In her book On Revolution, Hannah Arendt makes the distinction between liberation and freedom. While liberation is merely the freedom from tyranny, freedom refers to participation in public affairs via unfettered speech, thought, association, and assembly. This implies a will and capacity amongst people to participate in public life and affect change. While liberation is an important component of the struggle for freedom, it does not comprise its full content.
By and large, Arab revolts have inspired a strong sense of liberation. Without the realization of true freedom though, counter-revolutionary forces may dominate the political landscape. To date, this has been the sad fate of the Egyptian uprising. It has inspired a sense of liberation but not real freedom. From the outset, a key challenge facing the revolutionaries and political class has been to work out their deep factionalism and establish a platform for inclusive politics. Unfortunately, political forces across the spectrum never attempted to understand the implications of political liberalism.
The majority of protesters against Hosni Mubarak in January 2011 and Mohamed Morsi in June 2013 treated the military as a legitimate authority. Experiences all over the world show that relying on a military to lead a transition to democracy is risky, since militaries tend to have a political culture where concession is seen as weak and authoritarianism is praised. Only a government with democratic legitimacy can undertake the inevitably painful reforms that are necessary for a successful transition to democracy.
“Only an honorable confrontation of the truth will bring genuine improvement
There are Egyptians who even go so far as to believe that the radicalism of the revolutionary youth is to blame for the outbursts of violence, in spite of mounting evidence of serious human rights violations by the military.Yet, Abdel Fattah el-Sisi is commonly portrayed in Egyptian media as pragmatic and driven by what he sees as the national interest of Egypt.
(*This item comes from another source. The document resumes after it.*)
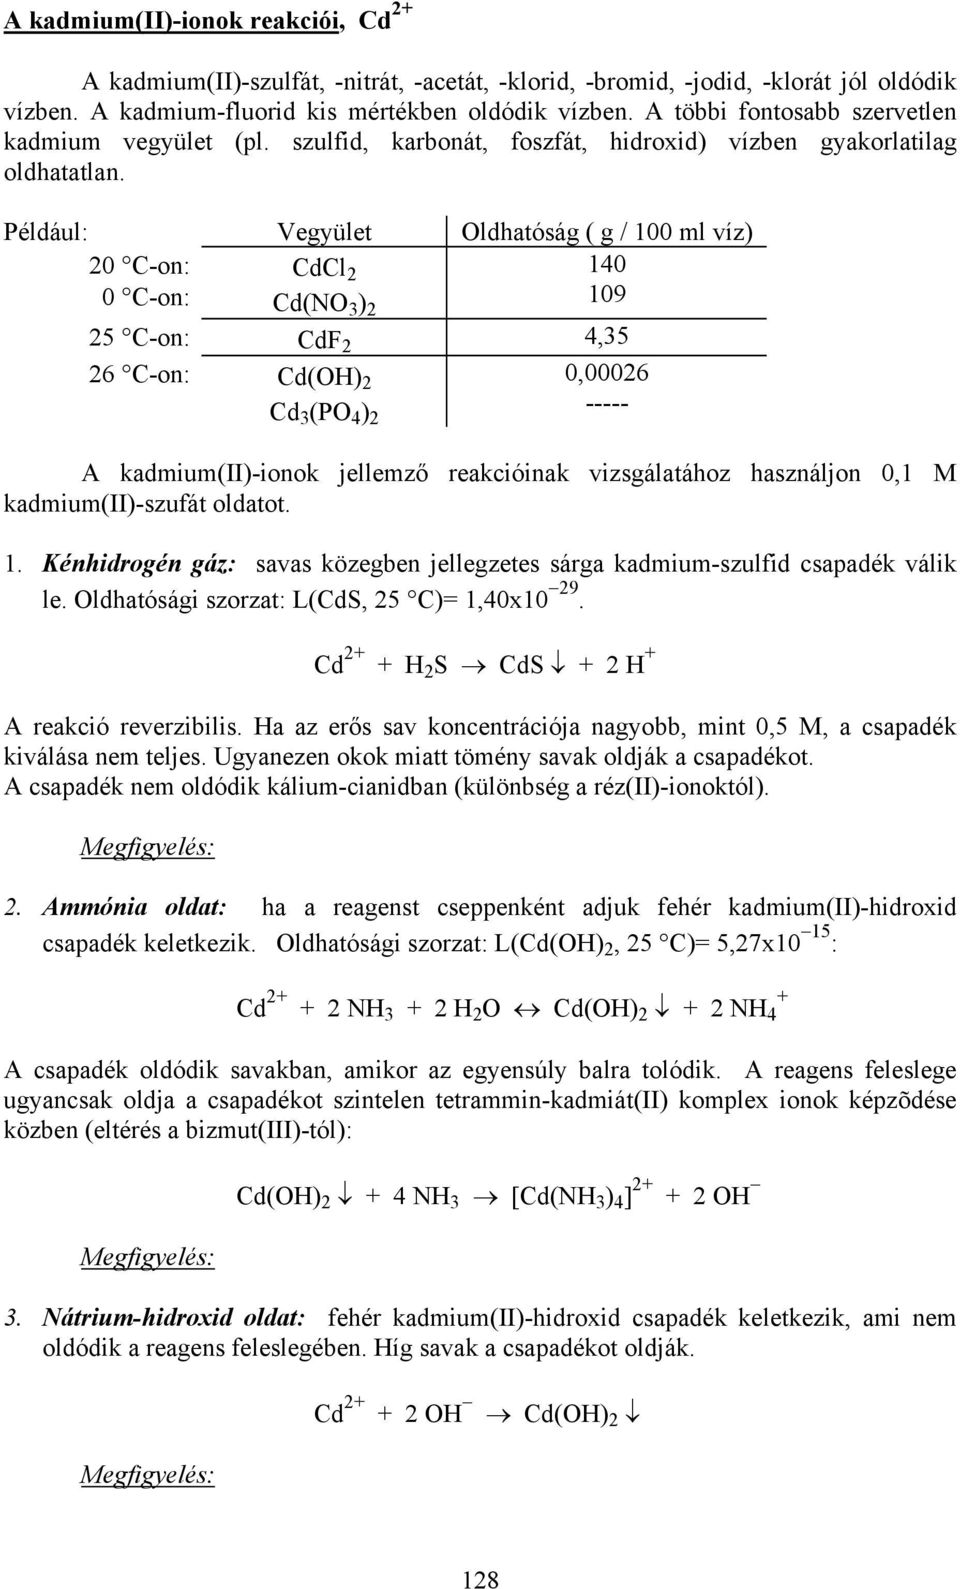 Például: Vegyület Oldhatóság ( g / 100 ml víz) 20 C-on: 0 C-on: CdCl 2 Cd(NO 3 ) 2 140 109 25 C-on: CdF 2 4,35 26 C-on: Cd(OH) 2 Cd 3 (PO 4 ) 2 0,00026 ----- A kadmium(ii)-ionok jellemző reakcióinak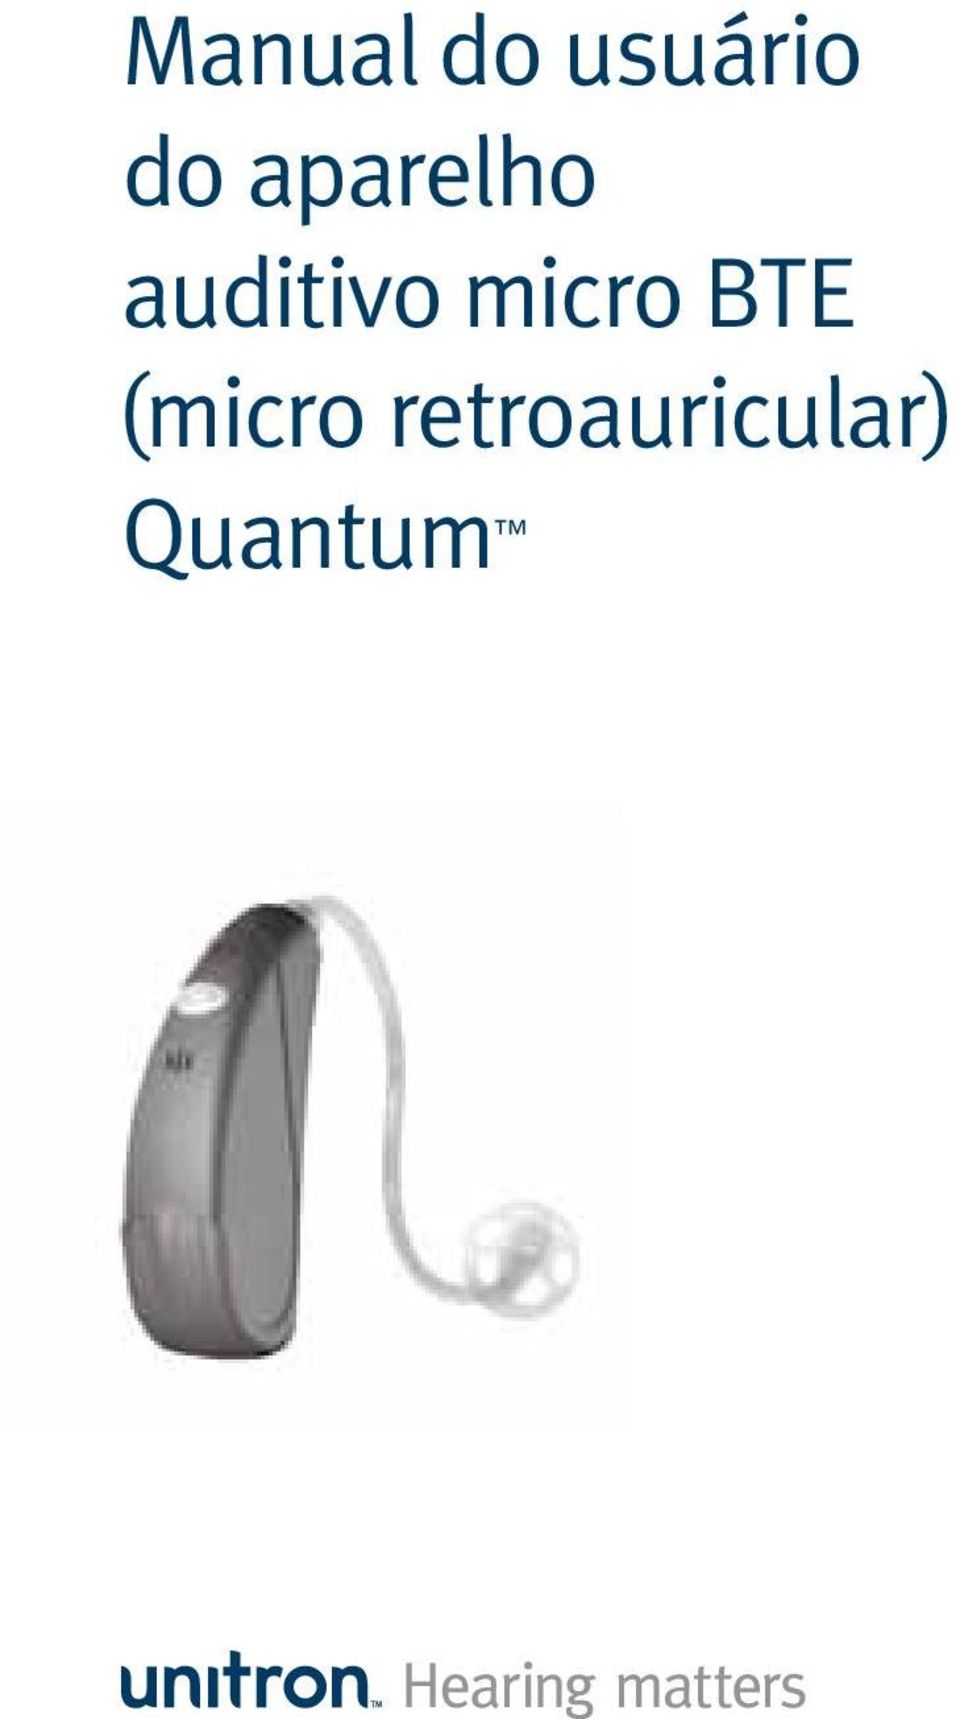 auditivo micro BTE

The army is regarded by the majority of Egyptians as the only reliable institution able to safeguard the national security of Egypt. el-Sisi found himself in a critical juncture in Egypt’s history, where he was obliged to side with the people to prevent an imminent civil war. It was a progression of events – there was a political crisis and millions went to the streets – in which the army felt it had no choice. Indeed, the army intervened on two occasions in modern history (the presidential ousters of 2011 and 2013) to bring the country through a divisive period and prevent a breakdown of the whole system.
Amid fears of a failed state and a fragmented society, many Egyptians are willing to tolerate transgressions, and even atrocities, by the military. In this type of environment, the revolutionary youth, who are liberal and left-leaning in a relatively conservative society, increasingly seem condemned to the fate of Sisyphus. Sisyphus is a Greek mythological figure who is compelled to roll a boulder up a hill, only to watch it roll back down over and over again. For Egyptian revolutionary youth, this process has already entailed much suffering, including death, injury, persecution, military trial, brutality — especially against females — and worst of all, character assassination.
Egyptian society is torn between pragmatic denial or apathy and only an honorable confrontation of the truth will bring genuine improvement. The military’s intervention in politics will not solve Egypt’s troubles. In fact, it might aggravate the socio-economic problems plaguing the country. Egypt remains burdened by years of mismanagement and ill-considered policies that have been destructive of the common good, promoted corruption, and enfeebled the state’s non-security functions. Egypt cannot have a stable democracy if it does not overcome this legacy. Mubarak has left Egypt with one of the most corrupted state structures in the world. There are doubts that el-Sisi’s widely expected presidency will make much progress on these fronts.
The international community has already begun scrutinizing the presidential elections to make sure that it meets international standards. The Egyptian government is attempting to satisfy the West’s expectations for its own long-term benefit by accepting international election observer missions. Because el-Sisi has the full support of both the state and private media, which has vocally supported his candidacy for months, along with the whole of the state apparatus behind him, many question whether election campaigning can ever be even-handed in this context.
Observers suggest that the pent-up anger among revolutionary youth is likely to explode again if Sisi and his future government fail to create jobs. Looking retrospectively over the last three years, Egypt has developed a reputation for turning on a sixpence. el-Sisi is now a total hero, but he could just as easily be tomorrow’s villain. Most probably, he is intimately aware of that.